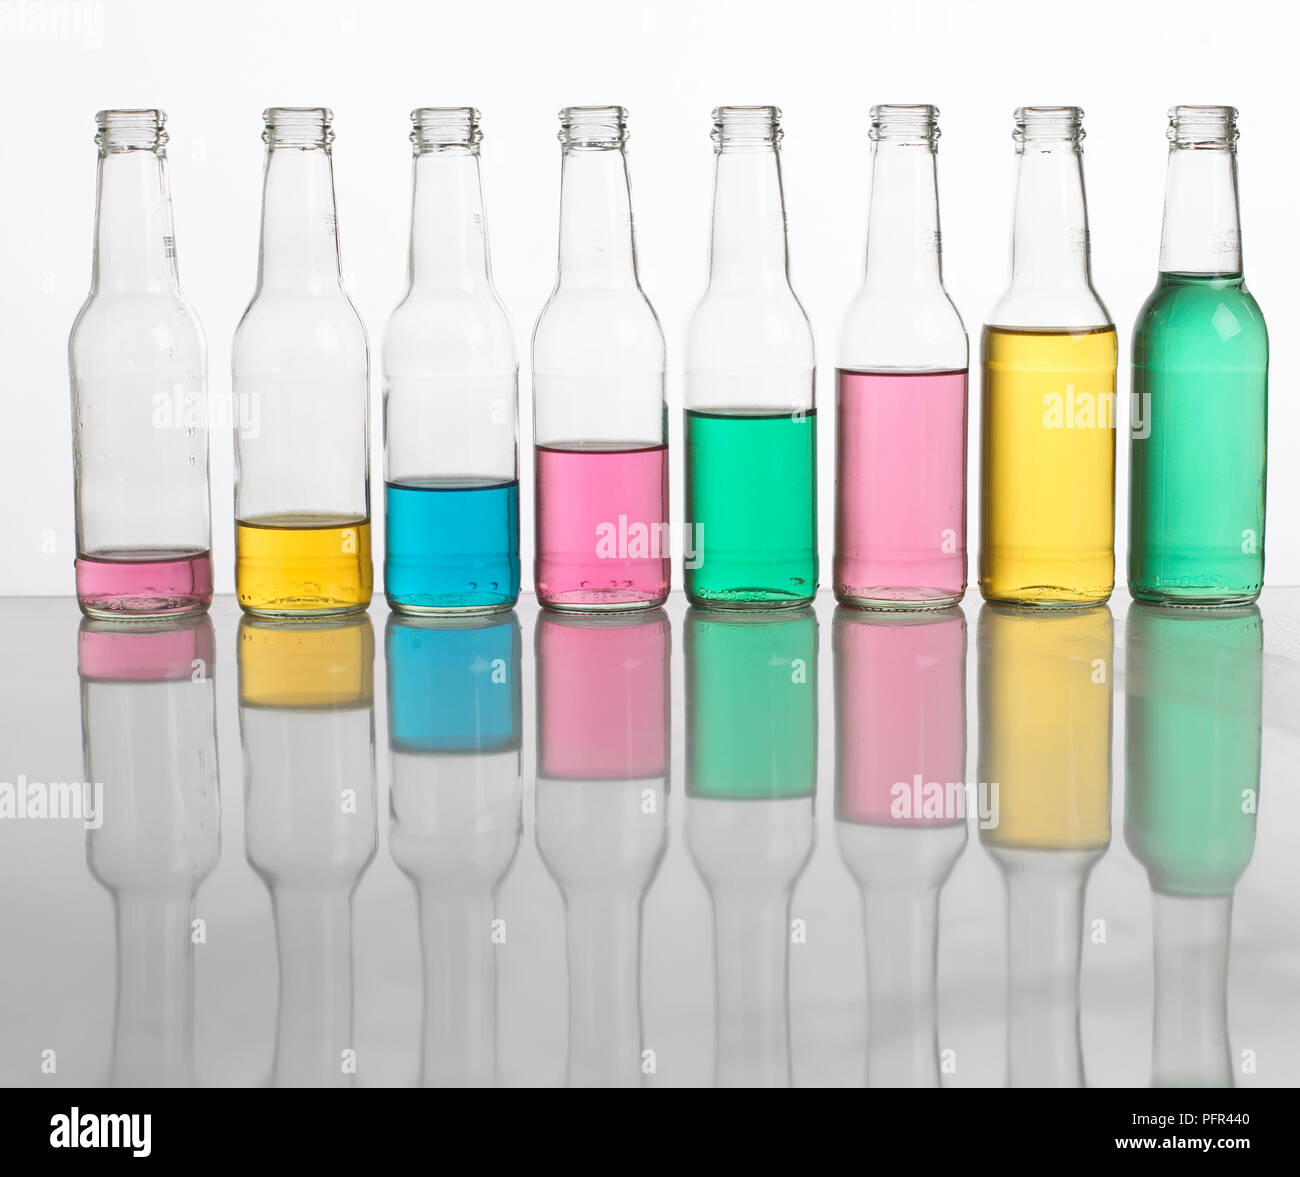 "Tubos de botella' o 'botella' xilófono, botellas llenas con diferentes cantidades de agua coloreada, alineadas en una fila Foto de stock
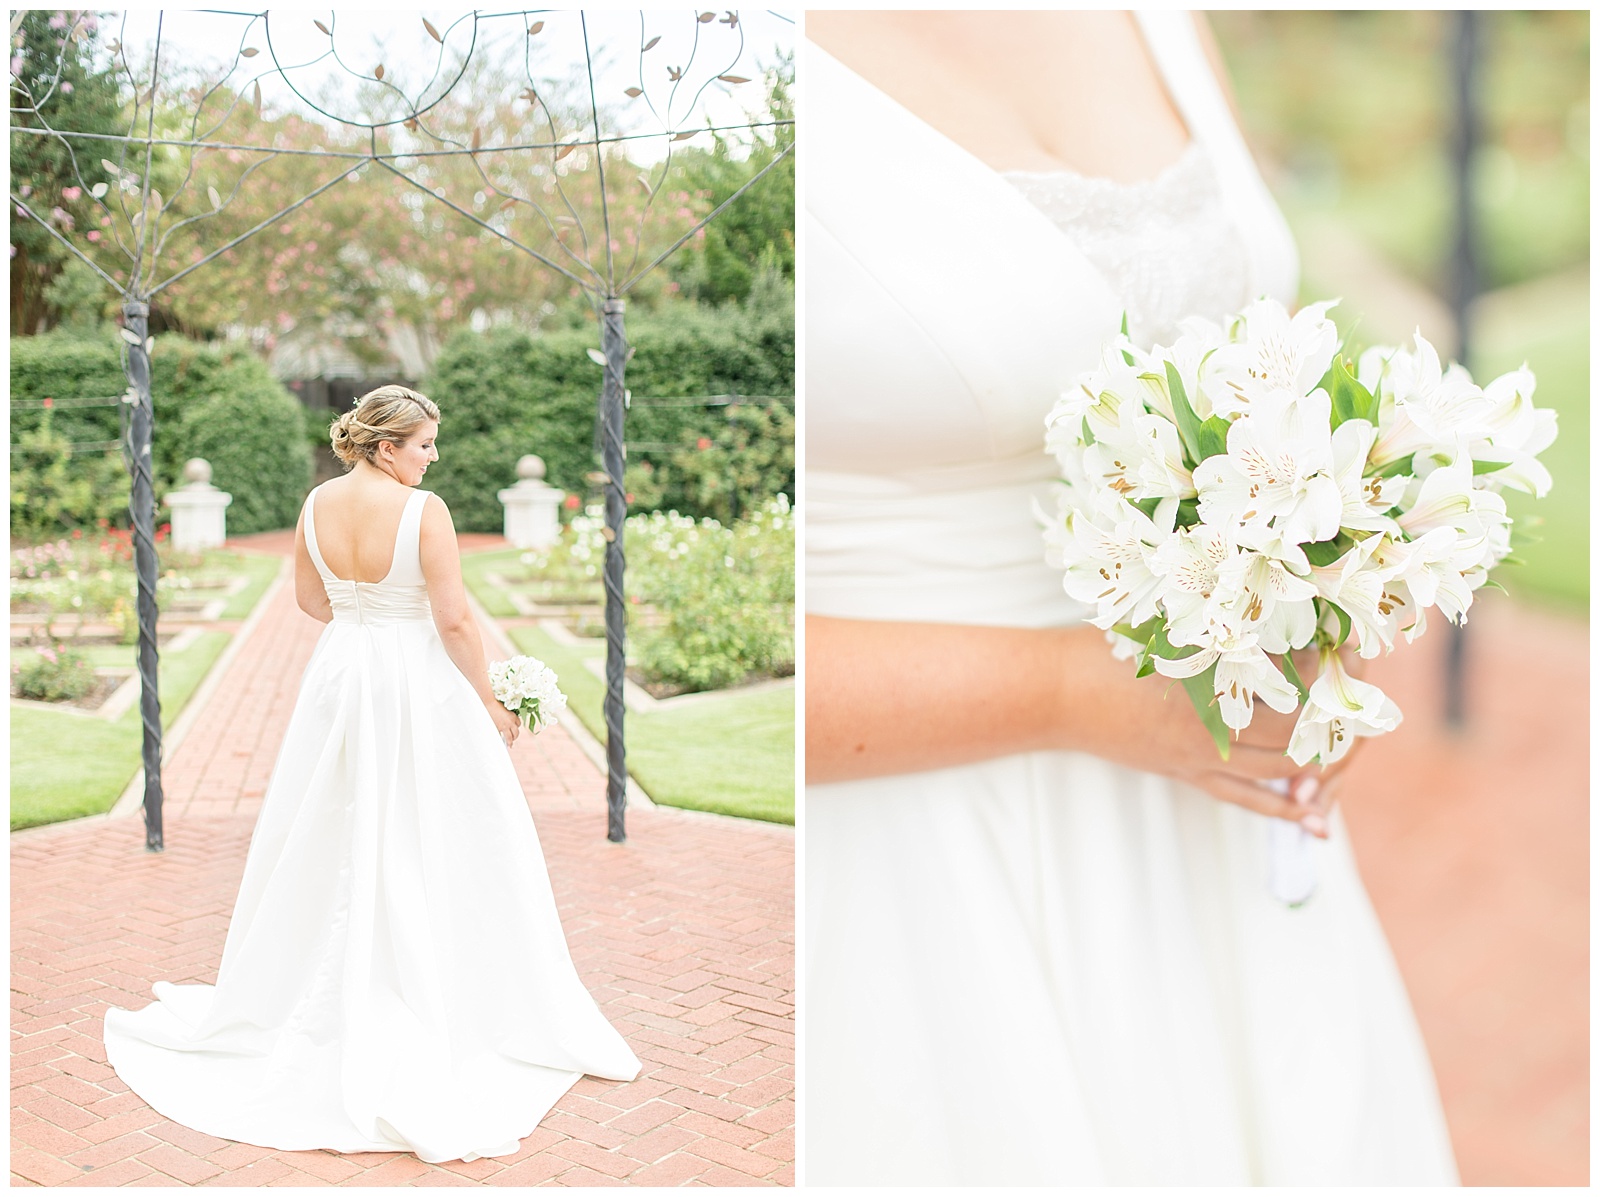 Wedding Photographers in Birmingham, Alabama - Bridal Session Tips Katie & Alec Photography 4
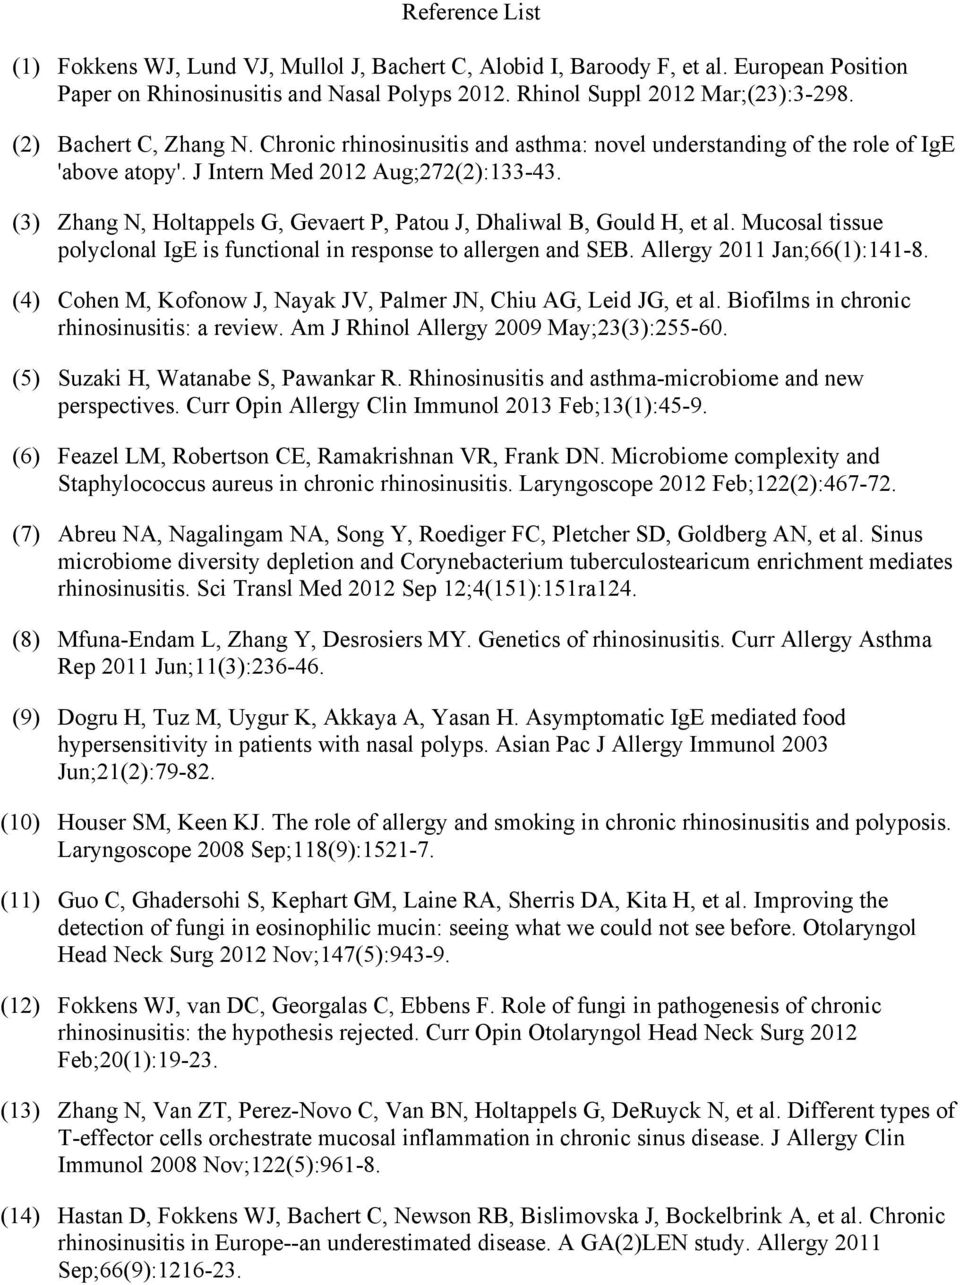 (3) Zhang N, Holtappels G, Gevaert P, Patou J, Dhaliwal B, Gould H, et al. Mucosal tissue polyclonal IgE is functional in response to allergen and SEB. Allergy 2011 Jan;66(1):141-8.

▶ **What is needed**: From the line containing "Wedding Photographers in" through the last line of the data above, write out every line word for word, and nothing else. Do not include the pictures.

▶ **Exercise answer**:
 Wedding Photographers in Birmingham, Alabama - Bridal Session Tips Katie & Alec Photography 4
 (3) Zhang N, Holtappels G, Gevaert P, Patou J, Dhaliwal B, Gould H, et al. Mucosal tissue polyclonal IgE is functional in response to allergen and SEB. Allergy 2011 Jan;66(1):141-8.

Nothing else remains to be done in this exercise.